“是玛尔塔!”约翰语气急促,带着难以掩饰的心疼和愤怒,“圣维特慈善医院又出现暴力事件了!玛尔塔今晚值班,我得立刻去看她!”
林渊想起那位美丽温柔的女孩,又联想到刚刚讨论的话题,心中莫名升起一丝不祥的预感。他没有犹豫,跟着约翰加快脚步:“别急,我跟你一起去。互相好有个照应。”
二人赶到圣维特慈善医院时,发现骚乱似乎刚刚平息。穿着制服的警察们正在疏散人群,维持秩序。一位面容精悍、眼神锐利如鹰的警监声若洪钟地指挥着:“把闹事的带回局里!医护人员优先通行!保持急救通道畅通!”
两人心下稍安,但不也敢耽搁,直奔玛尔塔平时实习的科室。
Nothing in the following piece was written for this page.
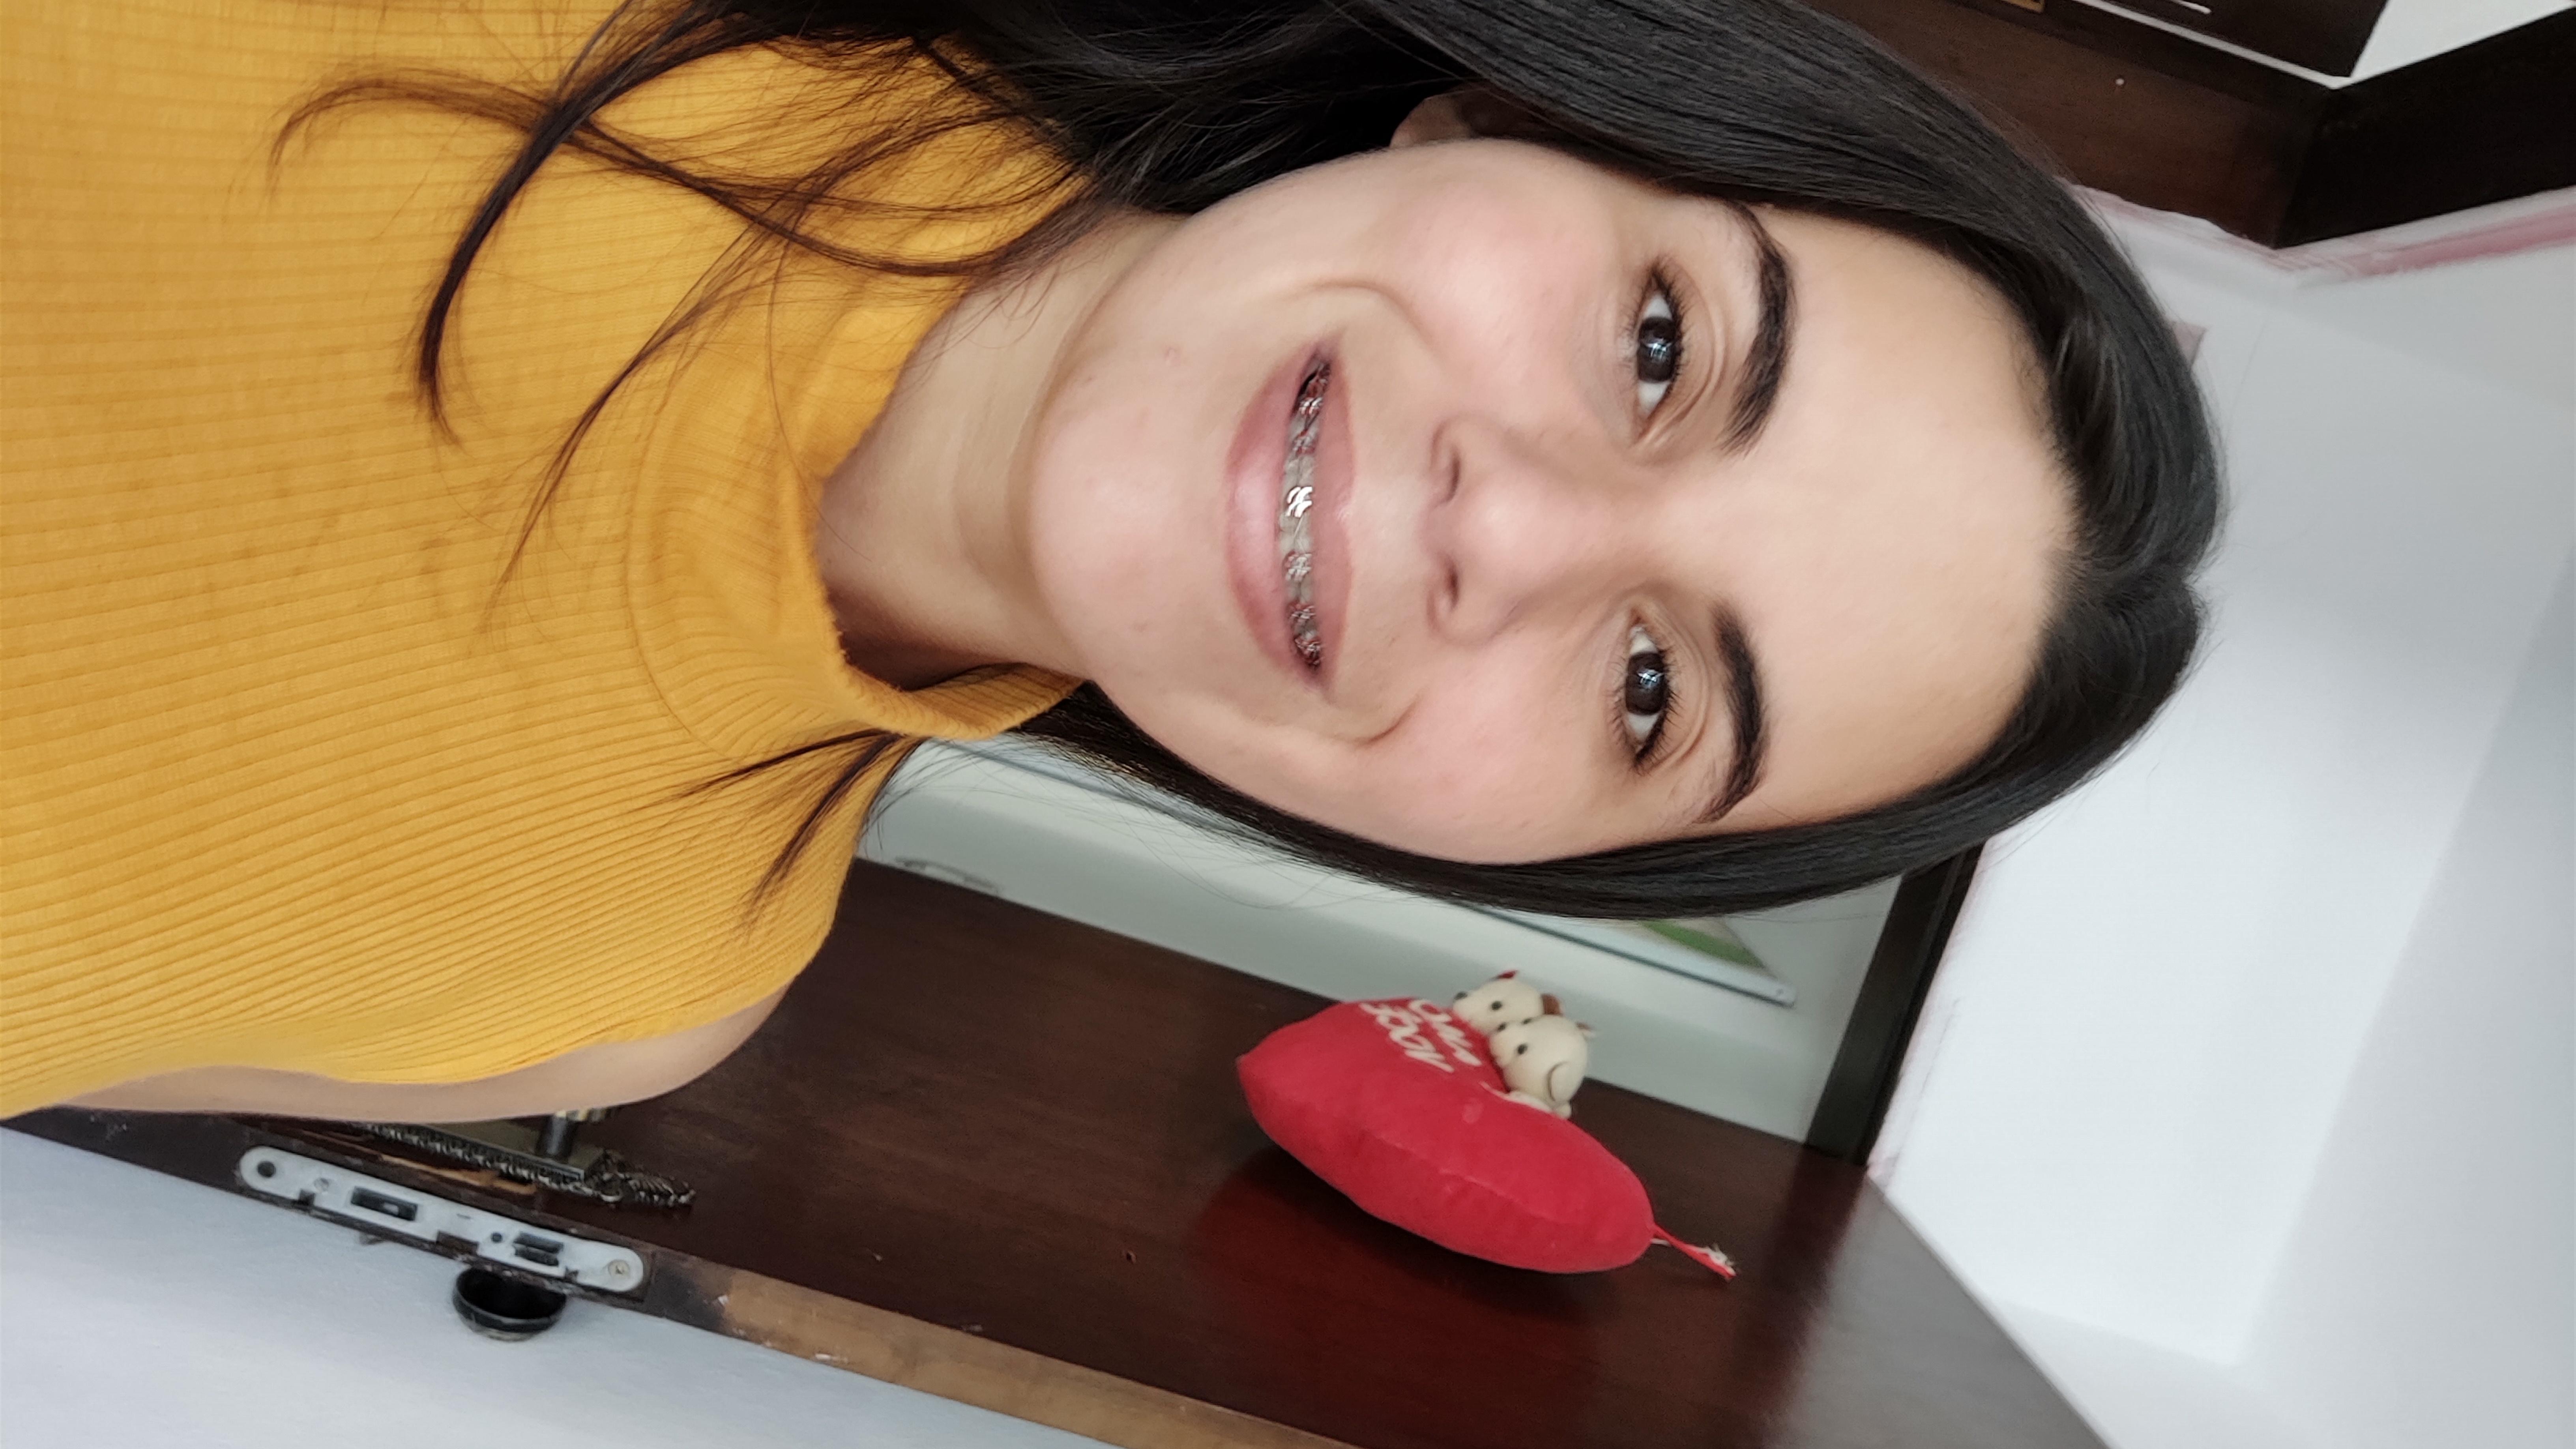 Rosimeire Pereira

然而科室里只有几个惊魂未定的护士。林渊一问才知,今晚急诊科爆满,所有能调动的实习教士,包括玛尔塔,都被临时抽调过去帮忙了——毕竟,医疗教士们的治疗神术对外伤和中毒有着远超现有医疗技术的效果。
于是两人又马不停蹄地冲向急诊科。
刚靠近那片区域,嘈杂声、哭喊声和神术激发的回响便混合着扑面而来。这里俨然是那场骚动的重灾区,不少穿着白袍的医疗教士自己也挂了彩,手臂、额头缠着绷带。但他们都咬牙坚持着工作,因为一位身穿主教袍服、面容刻薄、颧骨高耸的中年女性正板着脸,锐利的目光扫视全场。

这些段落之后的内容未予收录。